Hazel vs. Green vs. Amber
These three colors occupy overlapping territory, and even eye color experts don’t always agree on where to draw the lines. Here’s how they generally differ:
- Hazel: A visible mix of at least two colors (brown/gold and green) within the same iris, often with a sunburst pattern. The colors shift with lighting.
- Green: A more uniform cool-toned color across the iris without a strong brown or gold component near the pupil. Green eyes have less melanin than hazel and rely more heavily on light scattering for their color.
- Amber: A solid, warm golden-yellow or coppery tone without the green component. Amber eyes have slightly more melanin than green but distribute it differently than hazel.
If you see distinct brown and green zones in the same iris, you’re almost certainly looking at hazel. If the iris reads as one relatively uniform shade, it’s more likely green or amber depending on the warmth of the tone.

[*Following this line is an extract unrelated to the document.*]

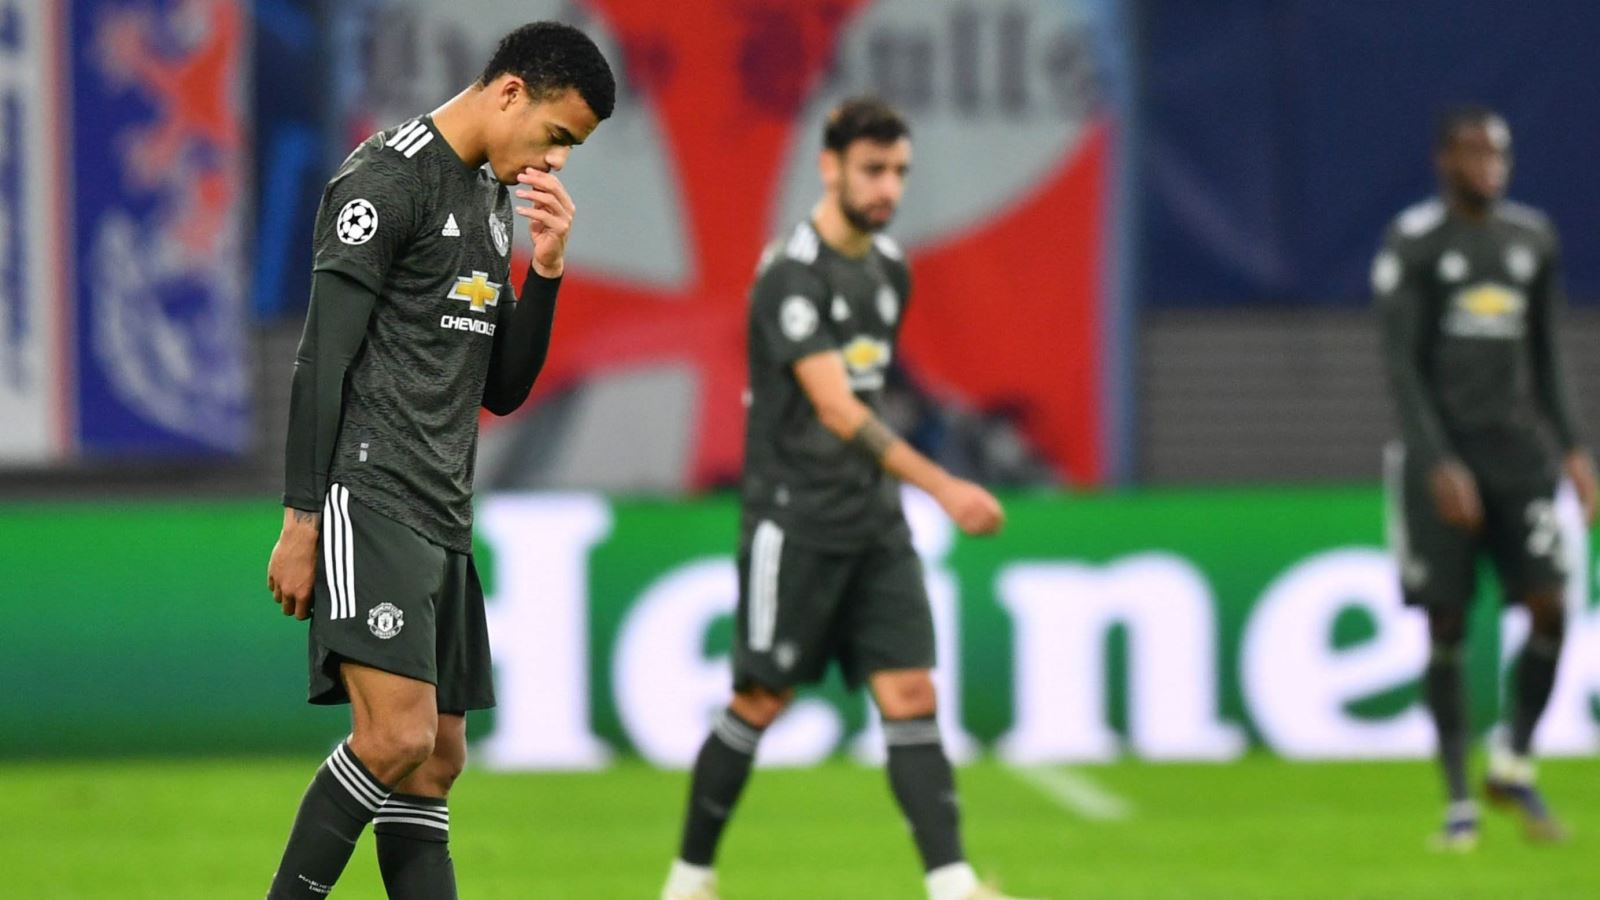 ĐIỂM NHẤN Leipzig 3-2 MU: Trả giá vì 'thói quen' chơi tệ hiệp 1. Hàng thủ lại là thảm họa

Where Hazel Eyes Are Most Common
Hazel eyes are most frequently found in people of European, Middle Eastern, and North African descent. They’re relatively common in the United States, where population surveys put the prevalence around 18%. Globally, the figure drops to about 5%, making hazel less common than brown (which accounts for the vast majority of the world’s population) but more common than green, gray, or true amber.
The genetic variants linked to hazel eyes are concentrated in European and Southwest Asian populations, which tracks with where these eye colors appear most often. However, hazel eyes can and do appear in people of virtually any ethnic background, because the relevant gene variants exist at low frequencies across many populations worldwide.
Do Hazel Eyes Change Over a Lifetime?
Many babies are born with blue or gray eyes that darken over the first one to three years of life as melanin production ramps up. Some of those babies end up with hazel eyes once their melanin settles into the intermediate range. After early childhood, hazel eye color is generally stable, though the perceived shade continues to shift with lighting and surroundings throughout life.
In older adults, the iris can lose some pigment over decades, which occasionally makes hazel eyes appear slightly lighter or more green-dominant than they were at age 20. This change is gradual and subtle. Any sudden or dramatic shift in eye color at any age is worth getting checked, as it can signal changes in the iris that need medical attention.